親が朗らかでいることが何よりも大切な理由

 「僕も菅さんのお母さんをよう知ってますが、そもそも菅さんのお母さん、めっちゃ明るいんです」。こう明かしてくれたのは相方の宇治原さん。

 「やったらあかんことしたら怒るのでしょうけど、子どもができないことがあっても笑っている感じの人。『なんでうちの子はできへんの…』なんて、全然思わないタイプですね。以前、僕たちのライブに菅さんのお母さんが来て、過去のVTRを流していたときに、たまたま菅さんが失敗したシーンが出たんです。普通の母親だったら『うちの子、みっともない…』なんて恥ずかしがるかもしれない場面で、会場で一番爆笑していたのは菅さんのお母さんでした。『めっちゃおもろいやん、うちの子』って」(宇治原さん)

 朗らかな母親の元で、誰とも比較されずに伸び伸びと育ってきたことで、菅さんは「自分よりも優秀な人のことを妬んだり、羨んだりすることが全くない性格になった」と自身を分析します。

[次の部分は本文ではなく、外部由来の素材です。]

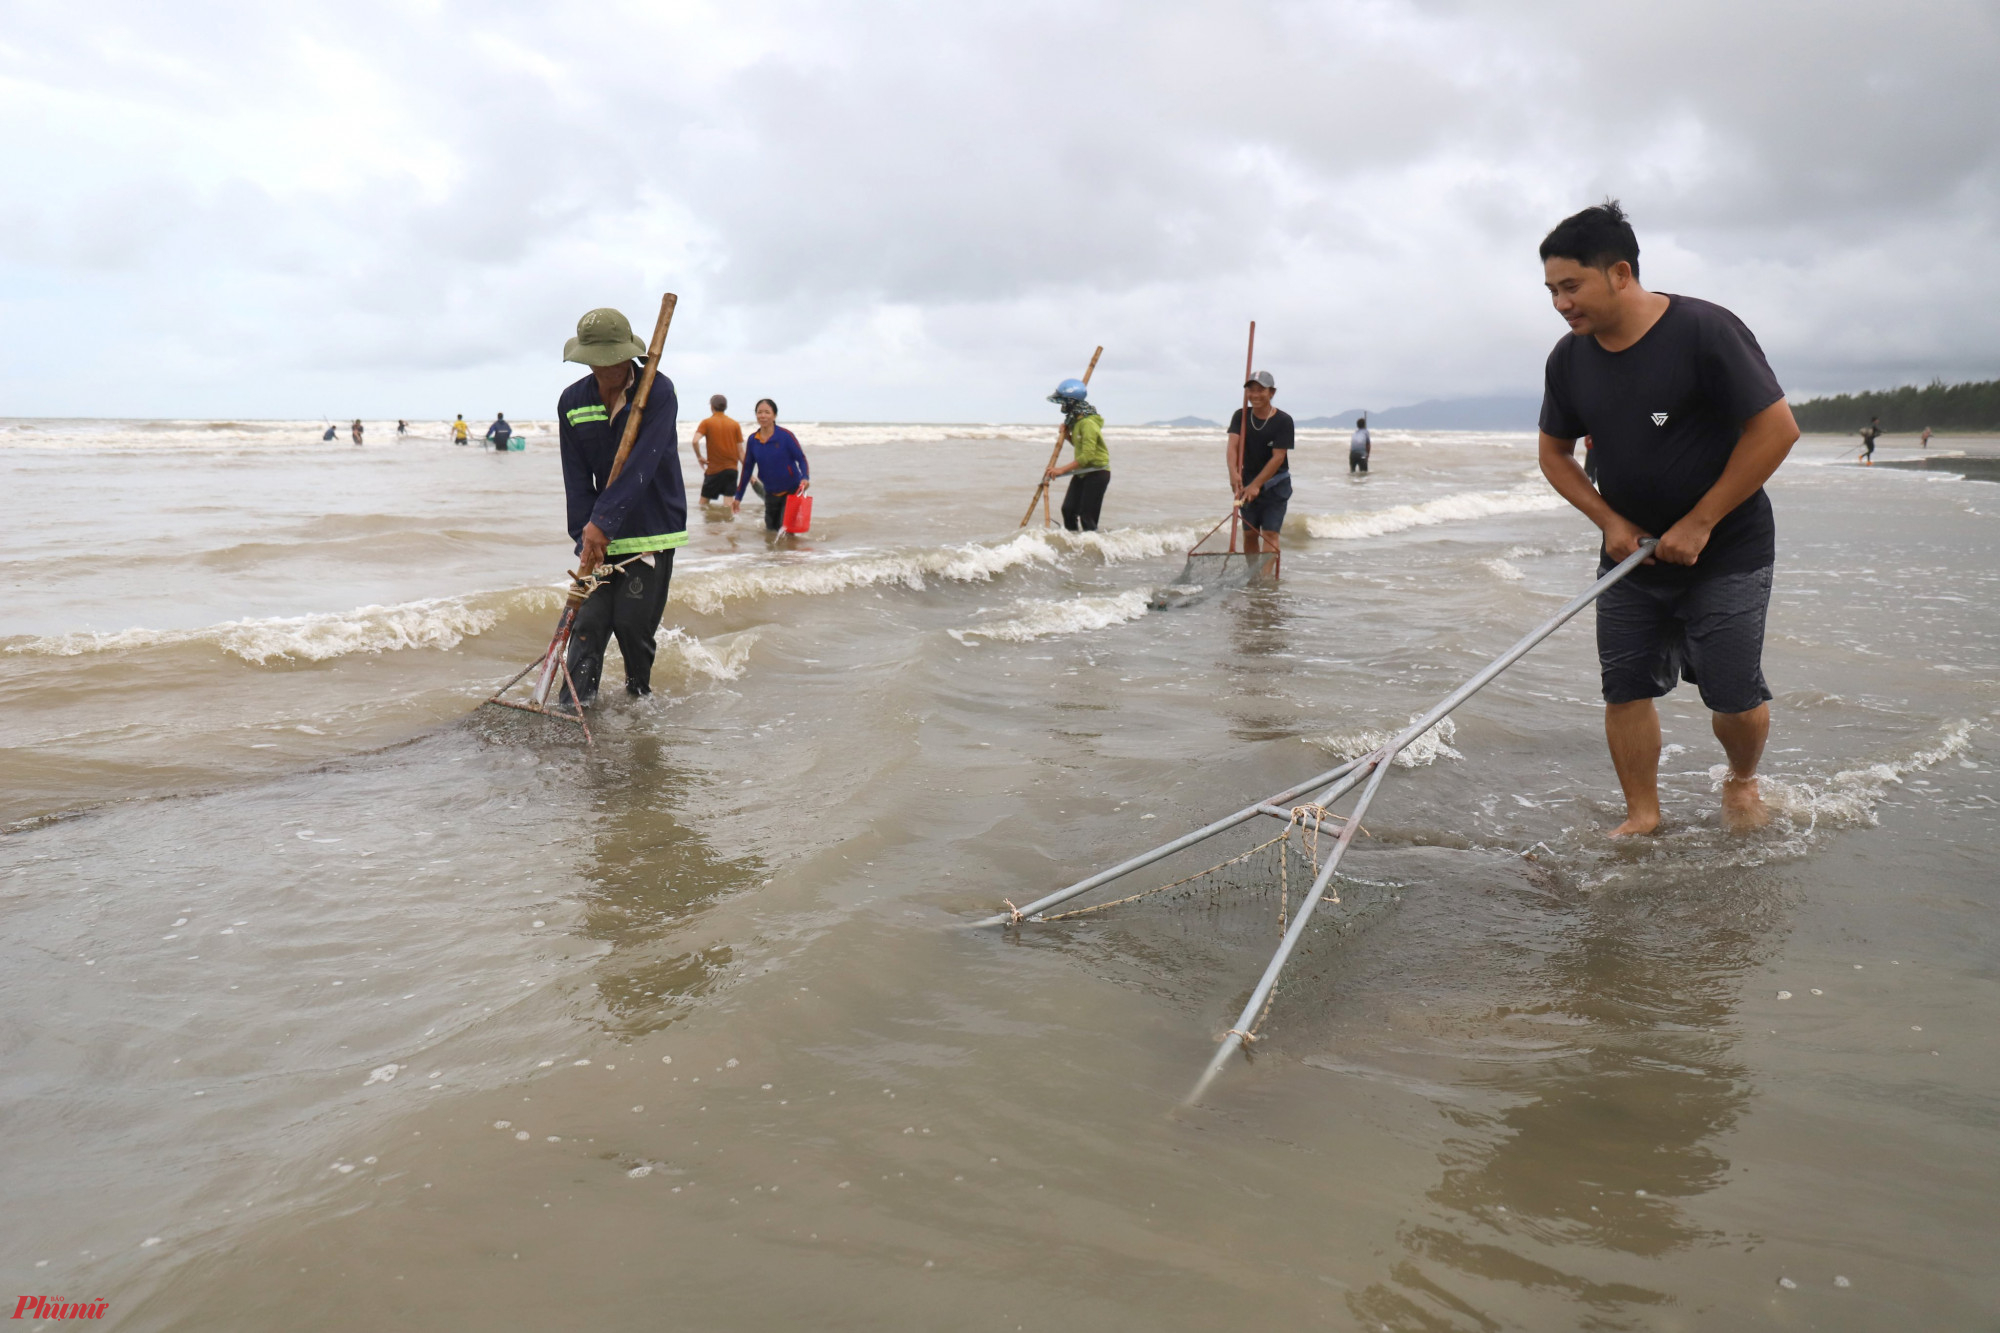 Sò lông trôi dạt vào bờ có kích thước vừa và nhỏ. Họ tập trung thành từng nhóm 3-5 người, dùng vợt lưới, rổ, xô chậu để nhặt sò trôi dạt vào bờ biển.

 そんな菅さんだから、勉強が抜群にできて、学校内でも一目置かれていた「高校入学組」の宇治原さんのことも素直に尊敬し、京大入学を目指して勉強していた宇治原さんを全力で応援、その後、四半世紀続く固い友情を育むことができました。今も、単独でクイズ番組に出演する宇治原さんを、菅さんはテレビで見ながら全力で応援しているそうです。

 「誰かのことを妬んだり、悪く言ったりする人は成長しないと思うんです。お笑いの世界もそう。相方を悪く言うコンビはうまくいきません。うまくいかないことがあったときに、誰かのせいにするのでなく、自分に改善できる点はないかなと考えられれば、おのずと人は成長します。まあ、僕らのコンビは収入を折半する制度をとっているので、宇治原さんがクイズ番組で優勝したらその賞金の半分は僕のものになる。宇治原さんを全力で応援するのは、そういう事情もあるんですけどね」と菅さんは笑います。

 きょうだいや他の子と比べず、自分の子のありのままを受け入れる。いつも朗らかで、笑って過ごす――。こんな親のスタンスが子どもを自由にし、素直で真っすぐな心を育て、良好な人間関係を構築する土台を培います。そうした「人間力」は、子どもが将来、仕事で成功するためにも絶対不可欠なもの。仕事は一人でやるものでなく、自分よりも優秀な人をいかに巻き込めるかで、結果が大きく変わってくるからです。

 単に勉強ができるだけでなく、本当の意味で「頭のいい子」を育てるために、ぜひ心がけたいポイントといえそうです。